Wishing you luck and love     


xx


----------



## Kat2011 (Oct 25, 2011)

Thanks hun

At least I know im not the only one feeling like this. I am off out for lunch with DH today and then have some emails to do for work so should be fine. Feeling positive today. Good Luck for Sunday. Wishing you all the best news.     

Kat


----------



## de2 (Dec 6, 2011)

Hi ladies...
I hope you dont mind me joining.
Test due tommorow...I thought it will get better the closer to the date, but boy I was Wrong!!!
I am Crazier than ever...noo..I mean it..I'm way past anxious and worrying of all the small details. I'm so out of my mind.
I can't even sleep for the past 2 days. I cant wait for the result yet I'm so scared of it I feel like I dont wanna know the result!
On the first couple of days I can rely on sleeping and watching tv, but not anymore!!
So I went to get my hair done yesterday at a nearby hair salon...nothing fancy but the stylist did a great job with the blow dry. Took my mind off these ordeal for a good 2 hour and feeling good for the first time in this 2ww.
I also went for a short window shopping. Didnt dare to try anything..let alone buying it.. Felt like a penguin already with all the meds. So wont risk getting into the full-mirrored fitting room. 
Today I Went to the book-cafe (what do you call it, book store that have cafe too)... ordered orange juice, though...scared I might regret sipping a cup of tea.

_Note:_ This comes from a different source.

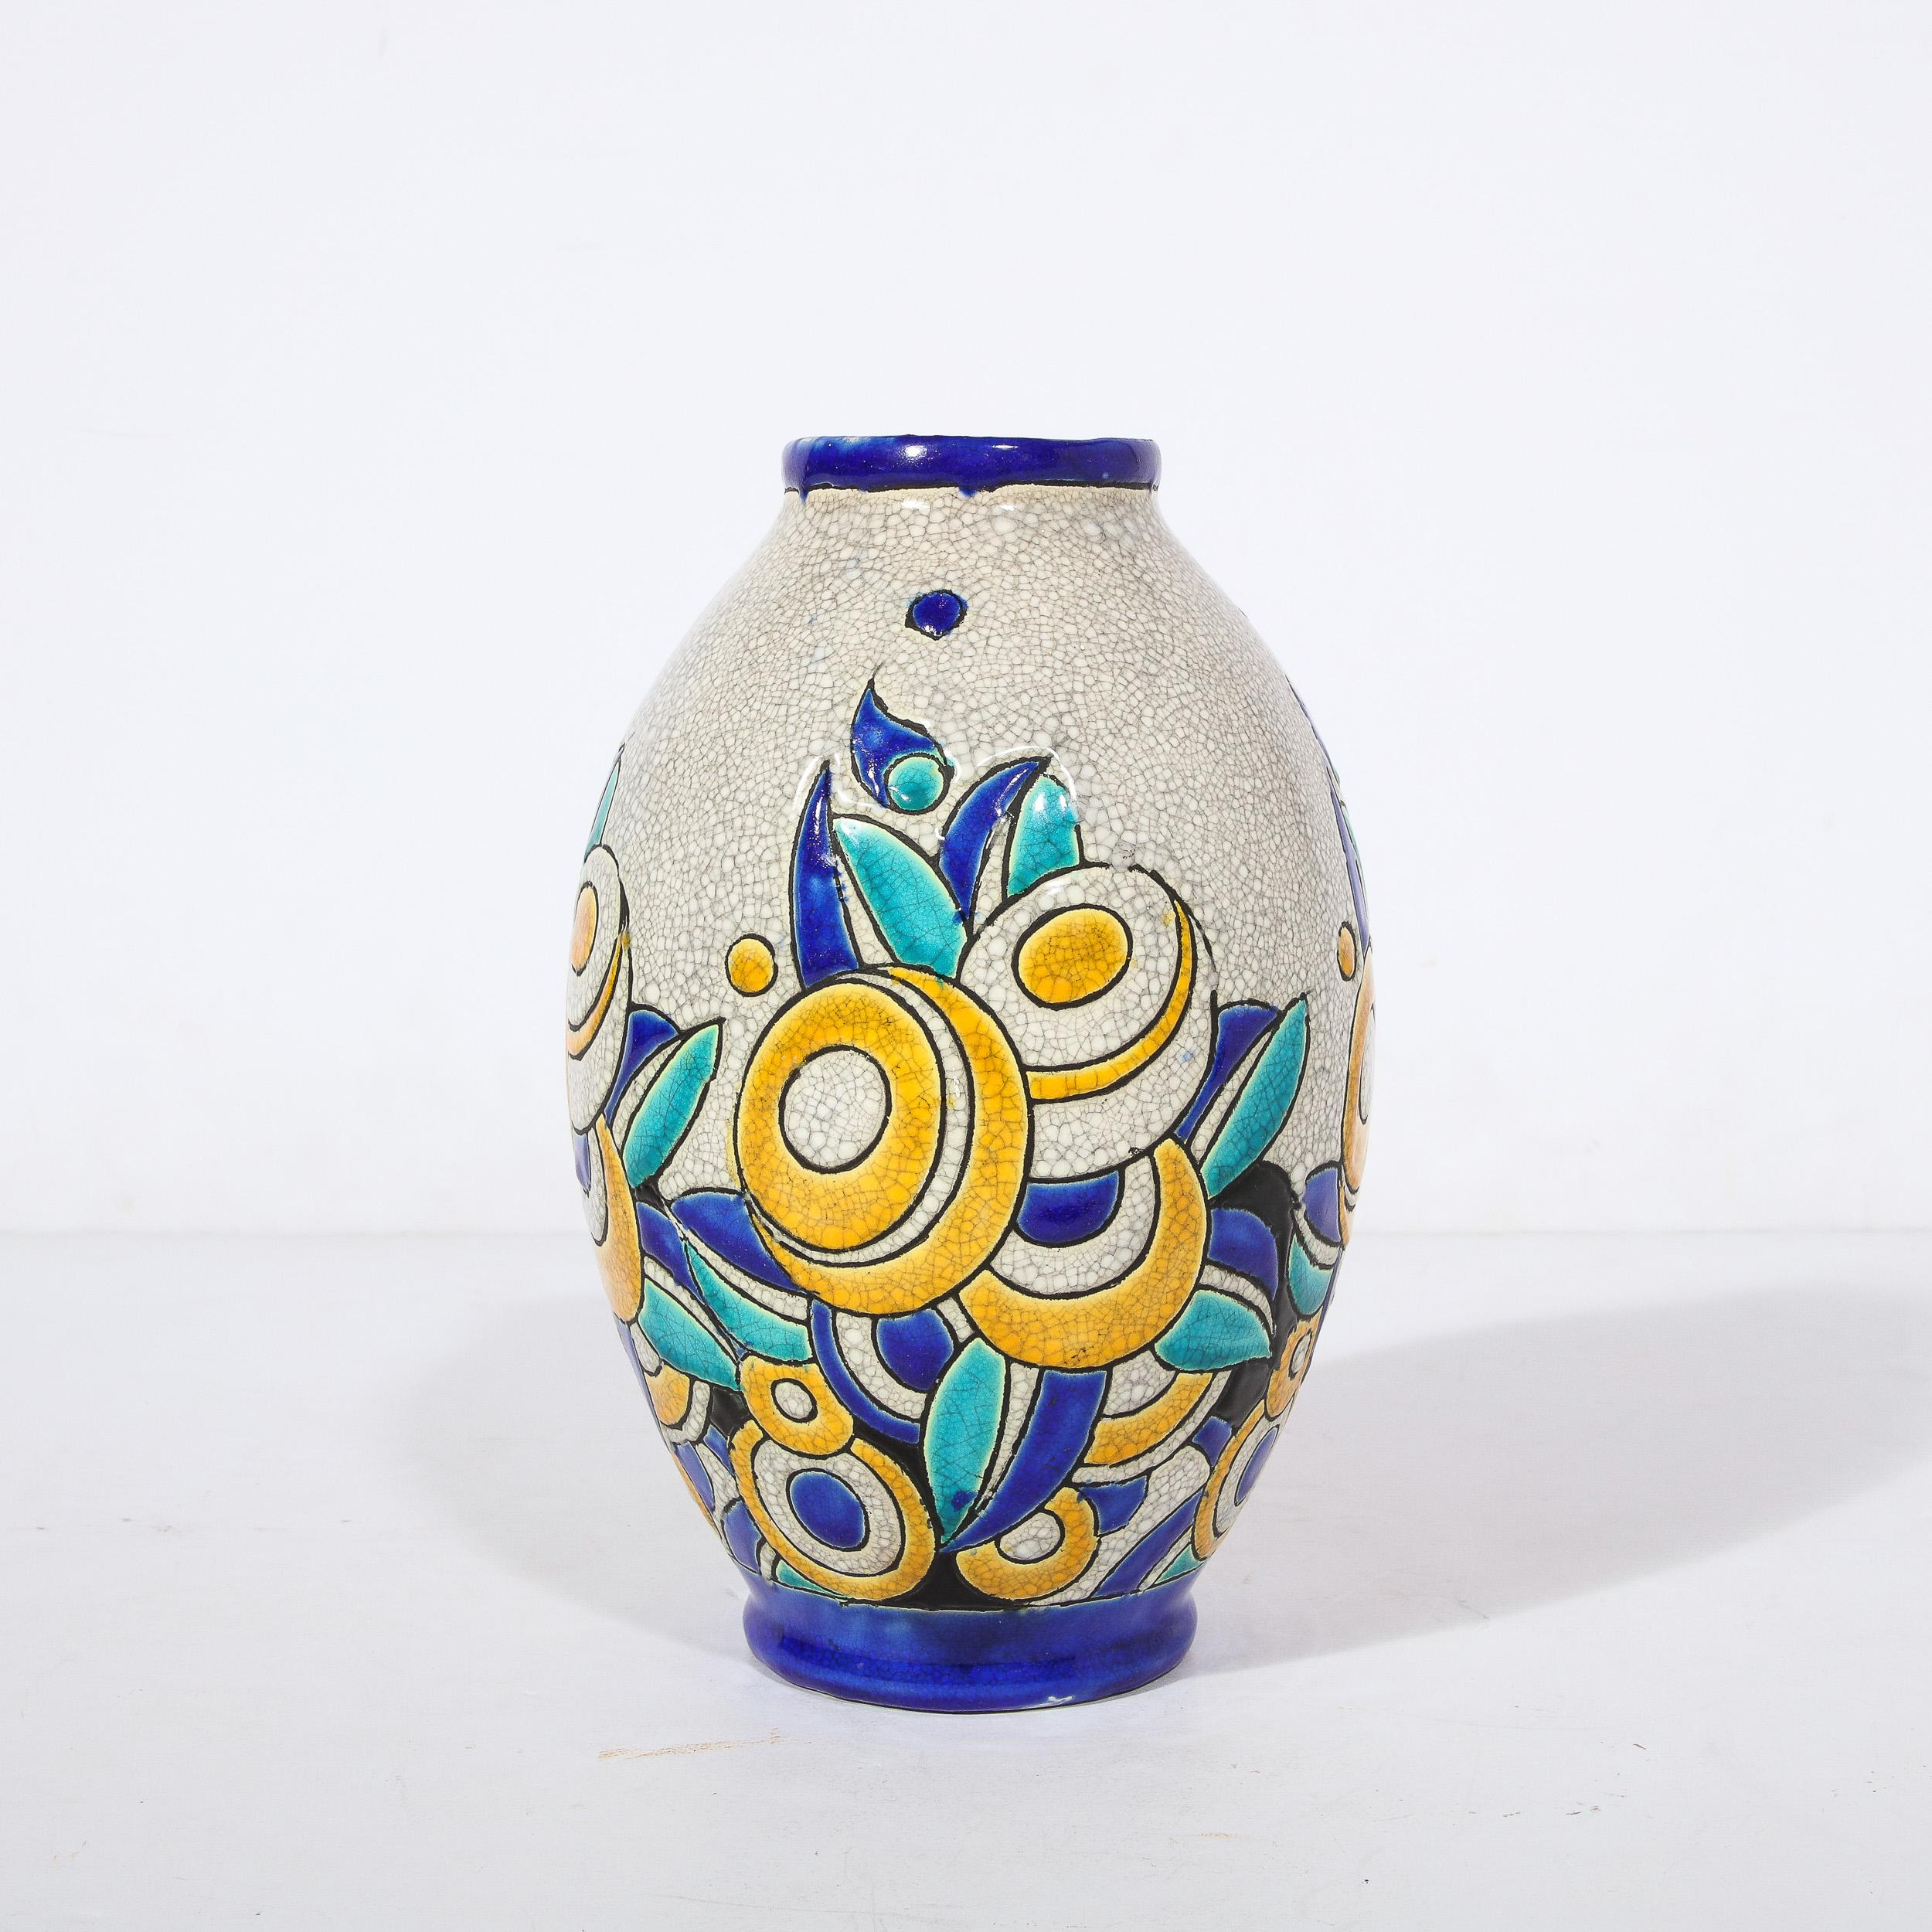 Art Deco Cubic Floral Ceramic Vase by Charles Catteau for Boch Freres Keramis For Sale 2

I searched for light&easy books, something that wont require too much brain since I cant focus on anything but enough to distract me. Picked up 3 old "detective poirot" novels and asked my 10yo nephews to bring over some of his comic books. 
I also watched some makeup & hair tutorials on youtube..
Other than that..I spent time bugging DH with question "Do u think we are pregnant? could I be? I'm so scared that I'm not...but doctor said I have a very good chance..so it might work, rite? I dont wanna get hope up...OMG what if we cant get pregnant??" it goes on and on and on and on   

So lets say those things helps about 20% of my times, the rest 80% I'm still miserable...I think what we need is a strong sedative that just knock us up these whole 2ww. So if anyone out there have any tips at all...please do share   
Sticky vibes for everyone


----------



## Squarah (Jun 10, 2009)

And to you! We will get through it... s'just so hard!      xxx


----------



## Jen xx (Mar 14, 2011)

Just wanna wish u girlies lots of luck 

Jenna xx


----------



## Coops_ (Oct 29, 2011)

Hey girls

Sorry hope you dont mind if i join. My test date tomorrow as well. Can not think anything else at the moment. i probably wont sleep tonight.
Cant wait to do the test however too scared as well.  
My DH hidden all the Preg. tests what i bought because he doesnt trust me. Oh well. Its friday tomorrow.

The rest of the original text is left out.